Lighter Than Lightweight Hiking Boots
When it comes to finding the right footwear for a hike there’s always a tradeoff, no matter how far you’re planning to travel. Leather boots tend to have the most support and protection for your feet, but they’re normally heavy, or at least heavier, than synthetic fabrics. There’s also a breaking in period with most leather shoes and boots, an indeteriminate period where you can expect the joys of blisters (unless you have a plan to prevent them).
But if you can justify going super-lightweight, then the Altra Lone Peak 4 shoes are near-perfect, to my mind. Although they give little ankle support, the various layers of protection and durable uppers provide a protective barrier between your feet and the most inhospitable terrain.
And, like hiking boots, they have gaiter fittings:
Other Factors That Make the Lone Peak 4 an Ideal Replacement for Hiking Boots
I could go on and on, really. But that’s not helpful. Here are a few final thoughts on why I’ve been using my Lone Peak 4 shoes as replacements for my hiking boots:
- They pack almost flat which makes them far easier to cram into my rucksack when I’m travelling to the start of my hiking route.
- Less expensive than many brands of hiking shoe, or boot. I won’t say ‘all’ as this isn’t the case for all brands and models.
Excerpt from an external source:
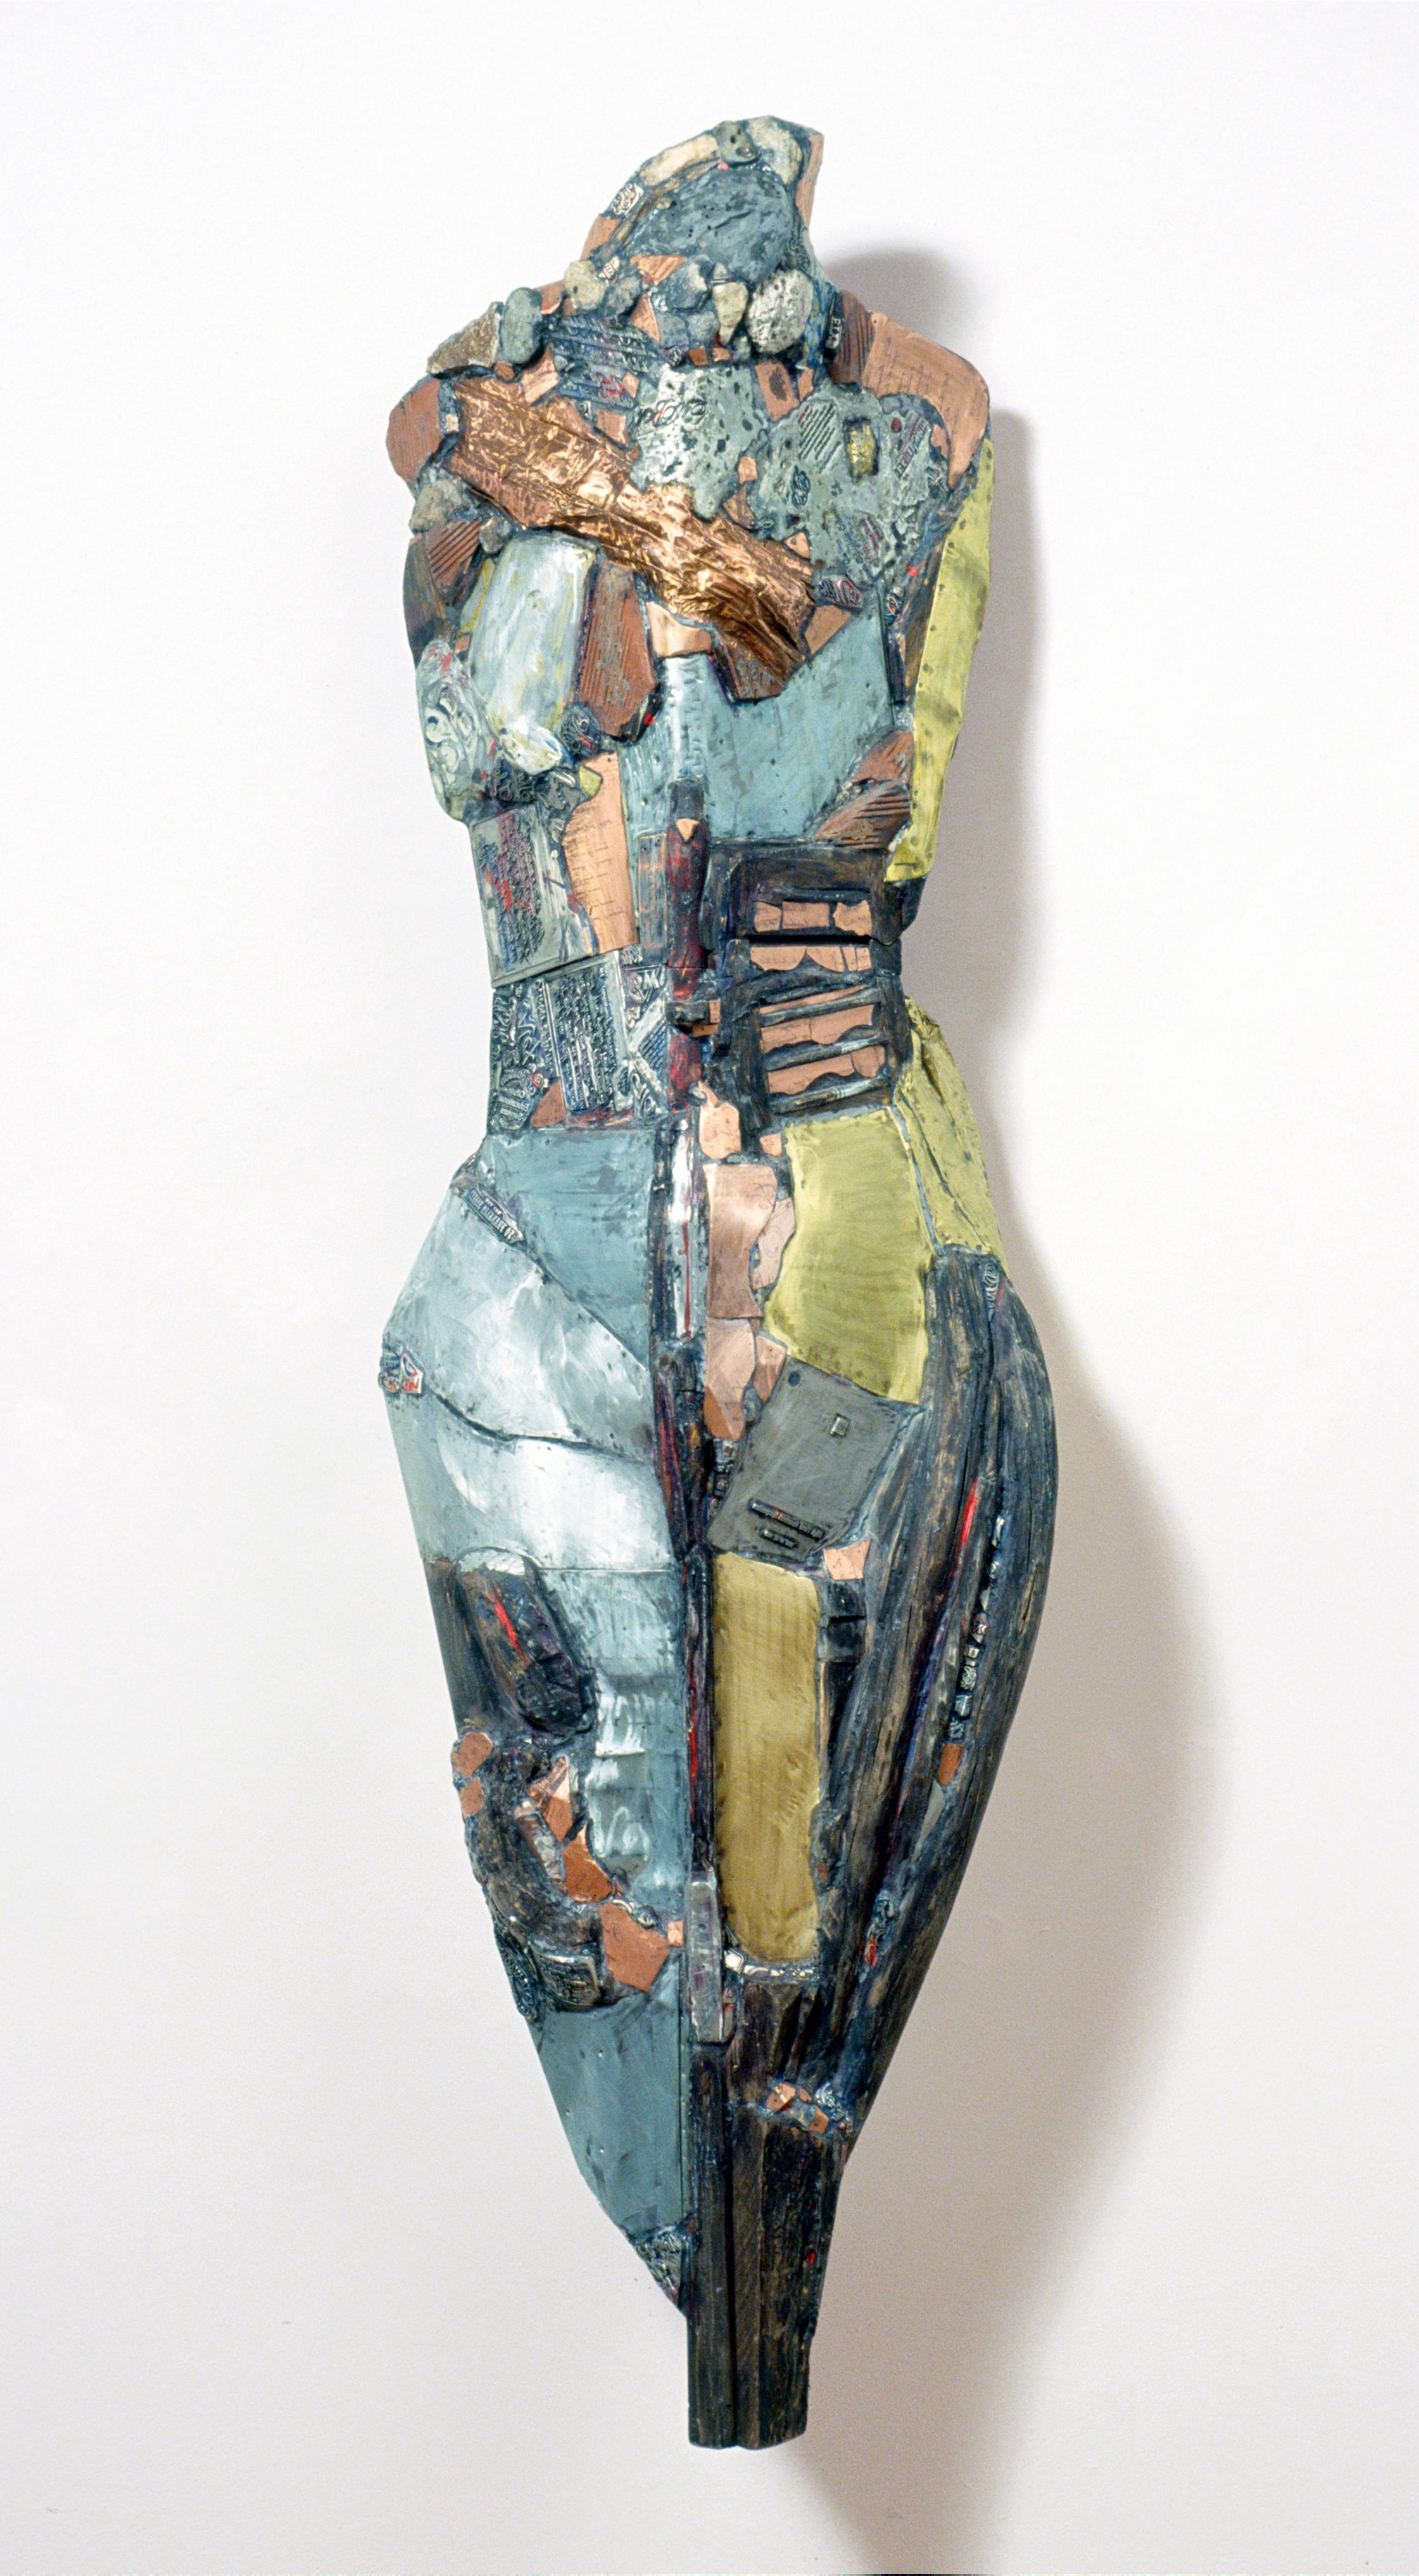 Linda Stein, Chevalier demain 542 - Sculpture contemporaine en bois et métal

Linda Stein a commencé sa série Knights of Protection après avoir été contrainte d'évacuer son studio du centre-ville de New York pendant un an après le 11 septembre 2001.

- Easy to repair when you use a little ingenuity. For example, the weak point in these trail running shoes is the crease where the material flexes at the toe joints. Over the past year tiny tears formed in the nylon and these were easily fixed using superglue and a small patch of ripstop.
- The lacing system and stay-put tongue have been updated to help keep the fit snug and secure.
- Plenty of flex across the entire shoe, which gives a more natural ride when running or hiking or uneven terrain.
- Fast drying. They’re not waterproof and that’s not a problem for me as I often use a decent pair of Gore-tex socks (like these), but they do dry really fast.
- Breathable. The ripstop nylon allows a good flow of air to circulate through the shoes which helps to wick away sweat.
Lone Peak 4: Final Thoughts
I really like Altra’s Lone Peak 4 shoes, both for trail running and hiking, and highly recommend them to anyone looking for a robust, wide fitting trainer. The only sticking point for some people is the price – they’re cheaper than some hiking boots – but not all. And that’s when eBay becomes your new best friend – I picked up a hardly worn pair of Lone Peak 3.5 shoes for peanuts, then used them to cross Lake Baikal.
As a hiking boot alternative, these shoes get a 4.5 out of 5. If they had more ankely support I’d give them a 5.